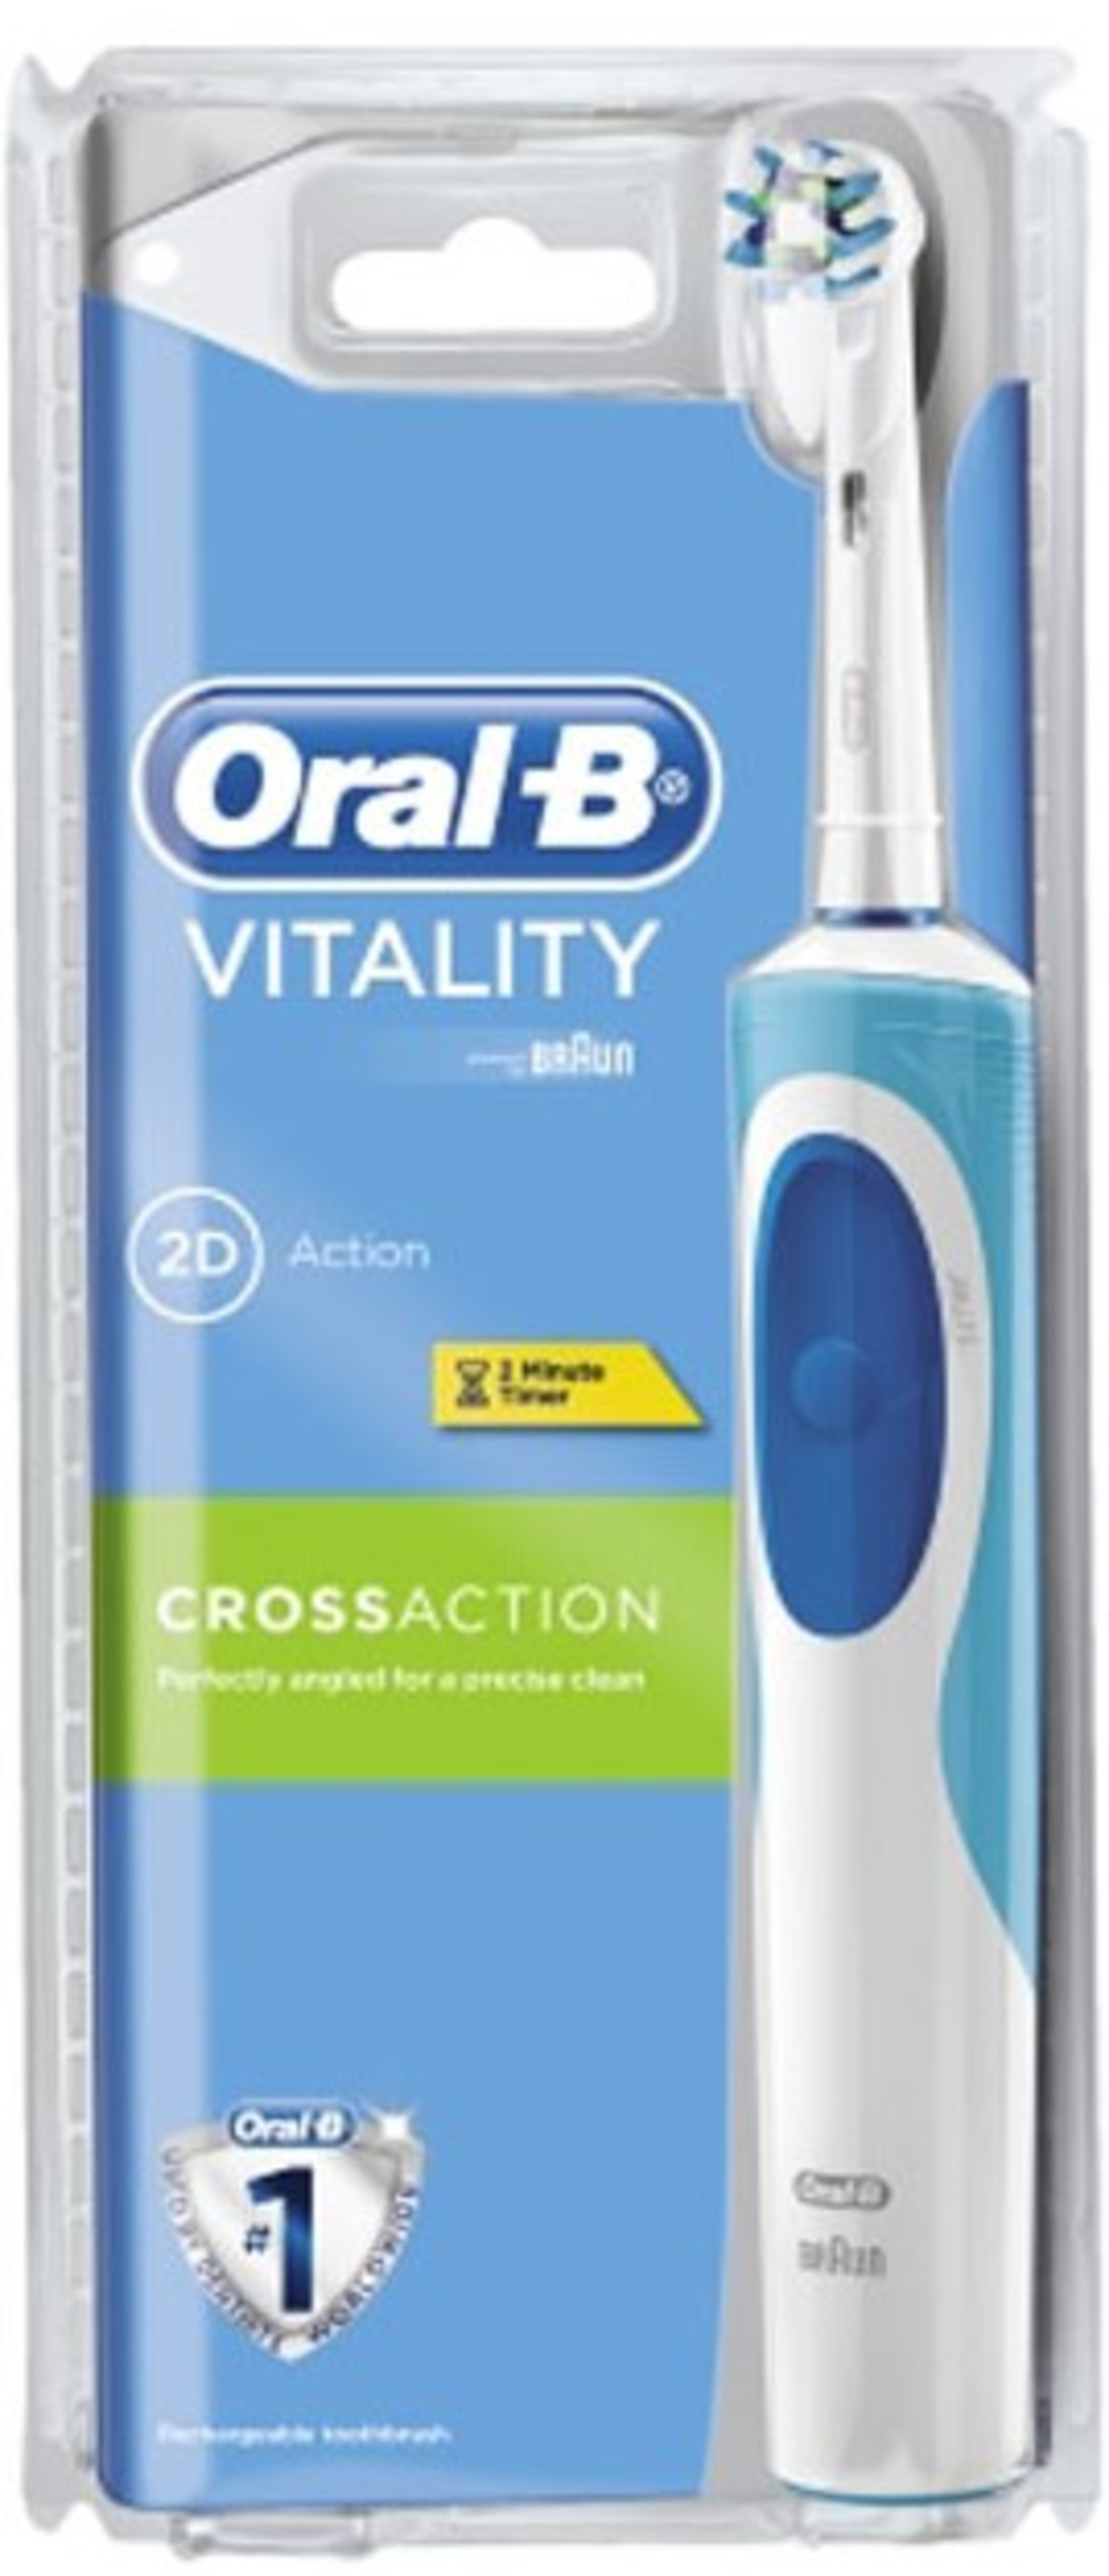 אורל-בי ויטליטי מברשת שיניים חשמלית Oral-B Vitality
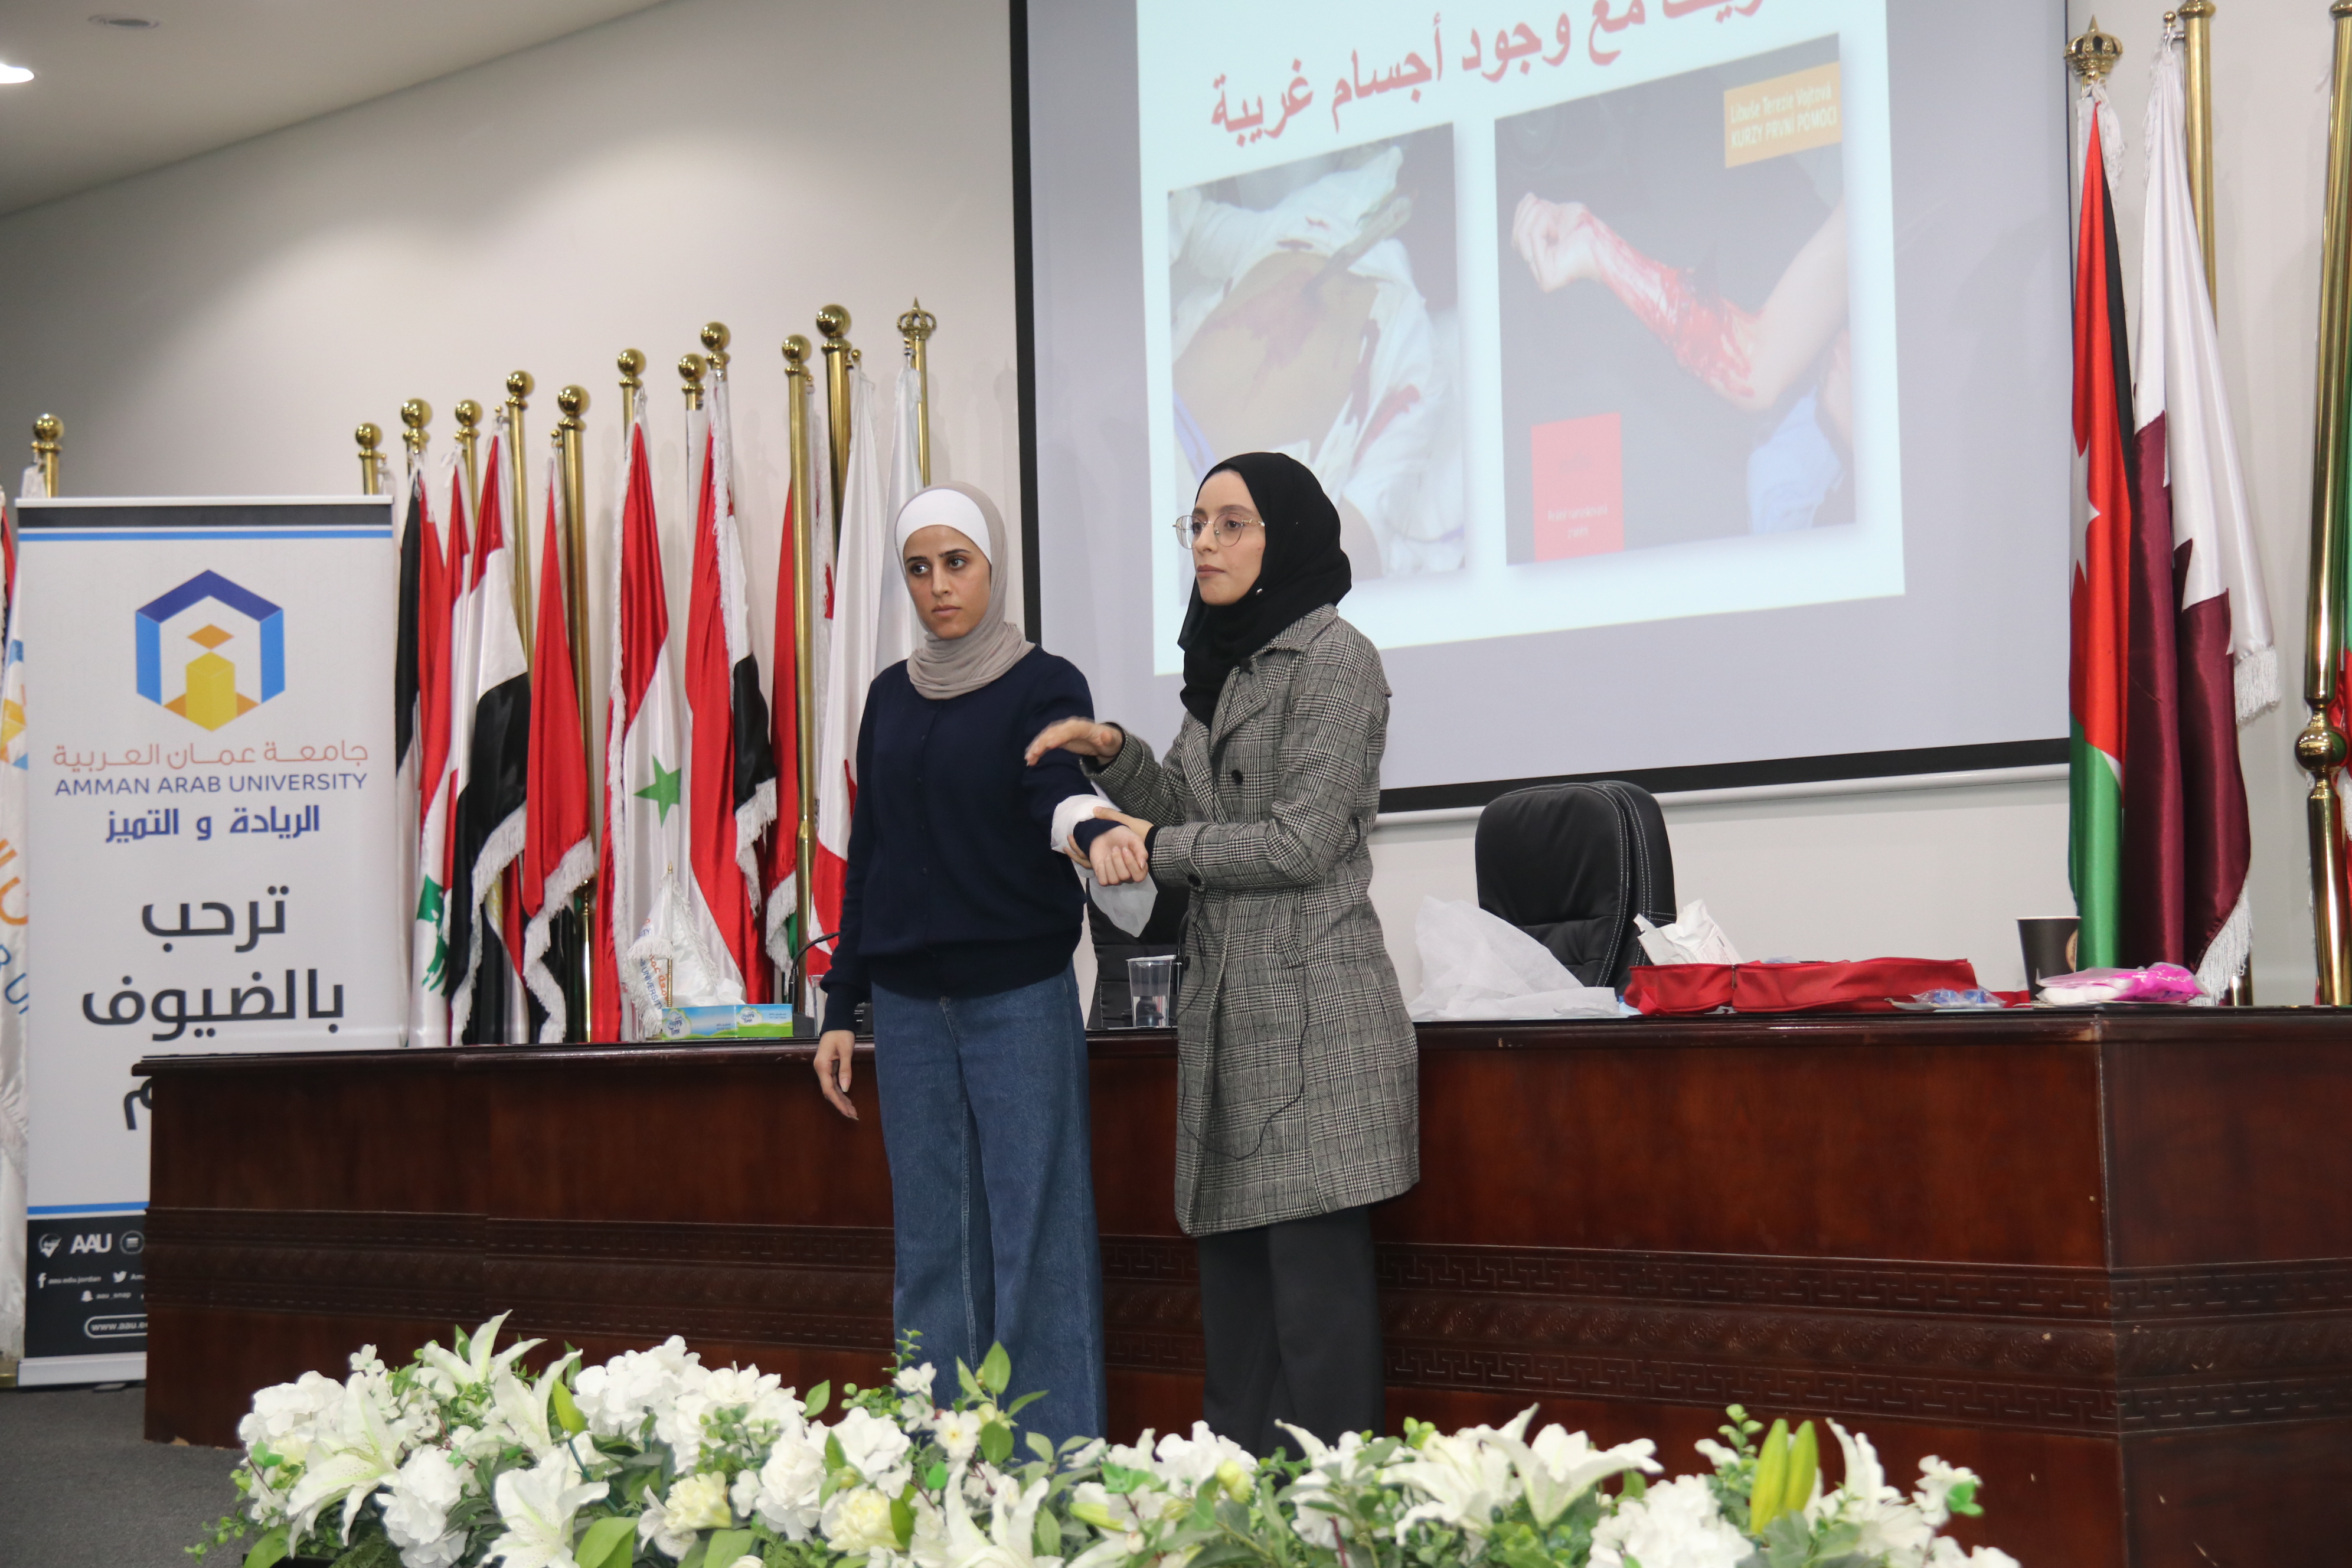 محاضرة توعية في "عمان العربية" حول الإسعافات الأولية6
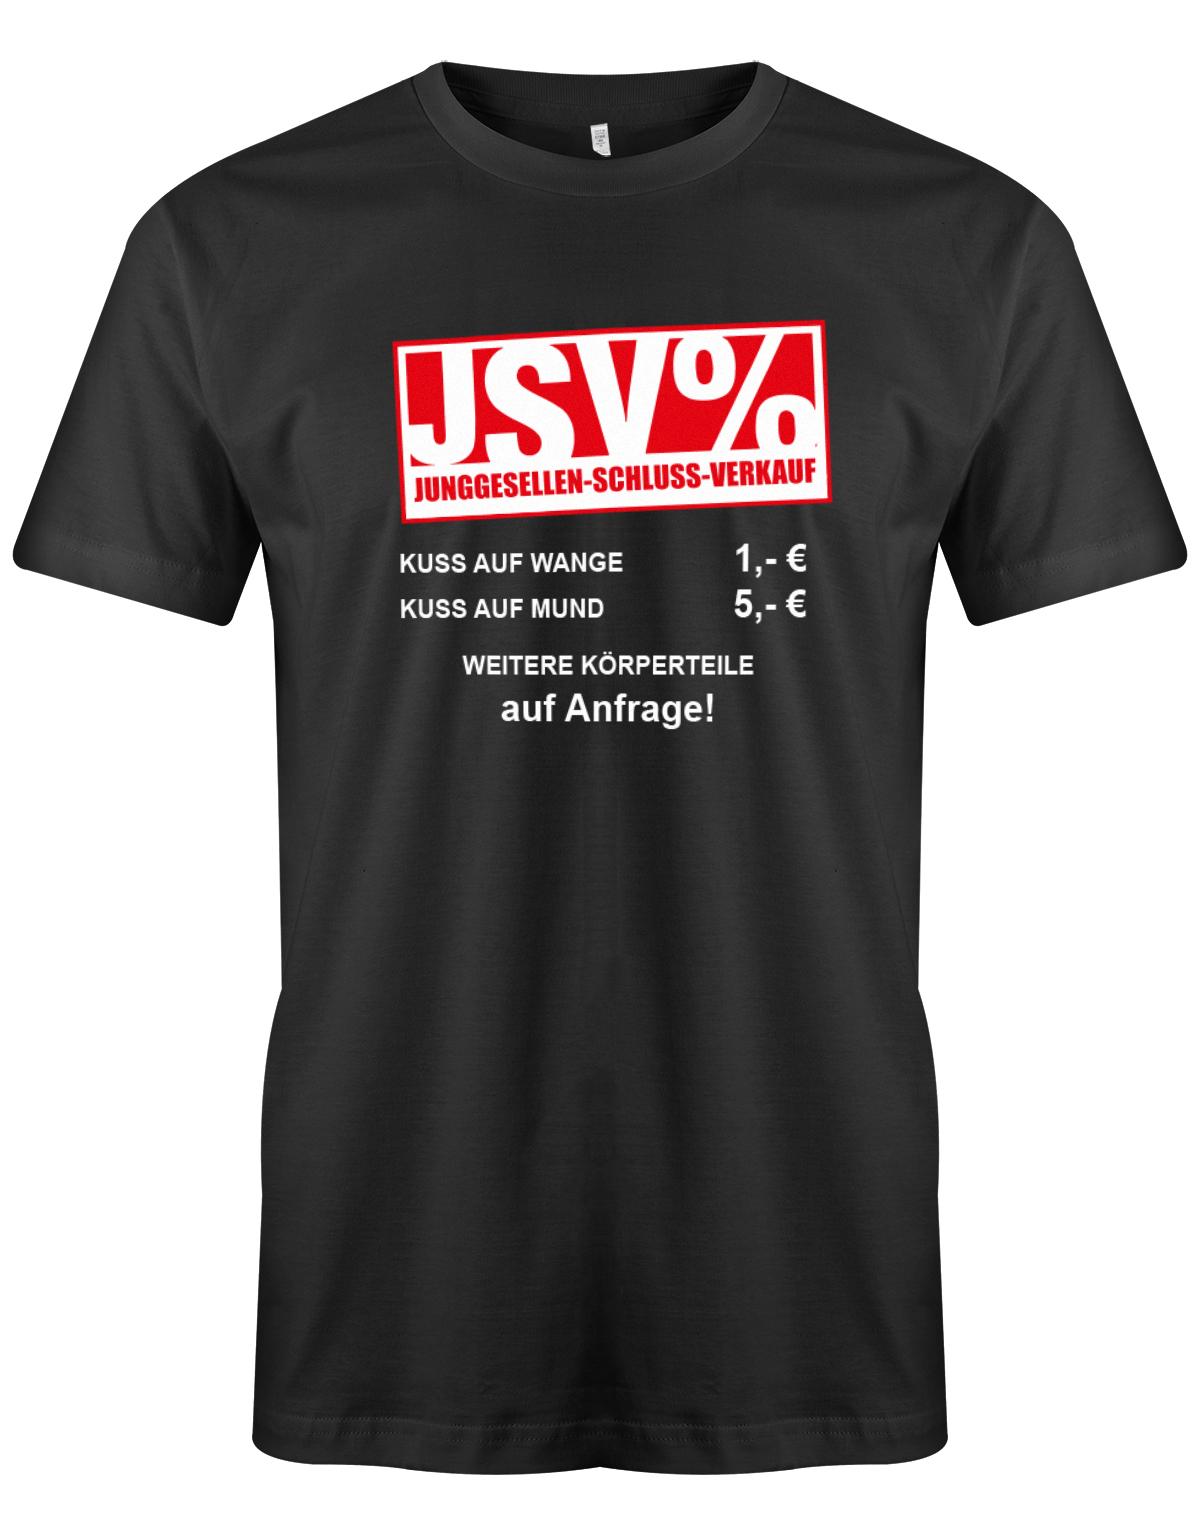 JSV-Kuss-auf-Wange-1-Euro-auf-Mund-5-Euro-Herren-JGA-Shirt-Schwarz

» **What the task asks**:
Set down the complete material exactly, but do not include the images.

» **Result below**:
 אורל-בי ויטליטי מברשת שיניים חשמלית Oral-B Vitality
 محاضرة توعية في "عمان العربية" حول الإسعافات الأولية6
 JSV-Kuss-auf-Wange-1-Euro-auf-Mund-5-Euro-Herren-JGA-Shirt-Schwarz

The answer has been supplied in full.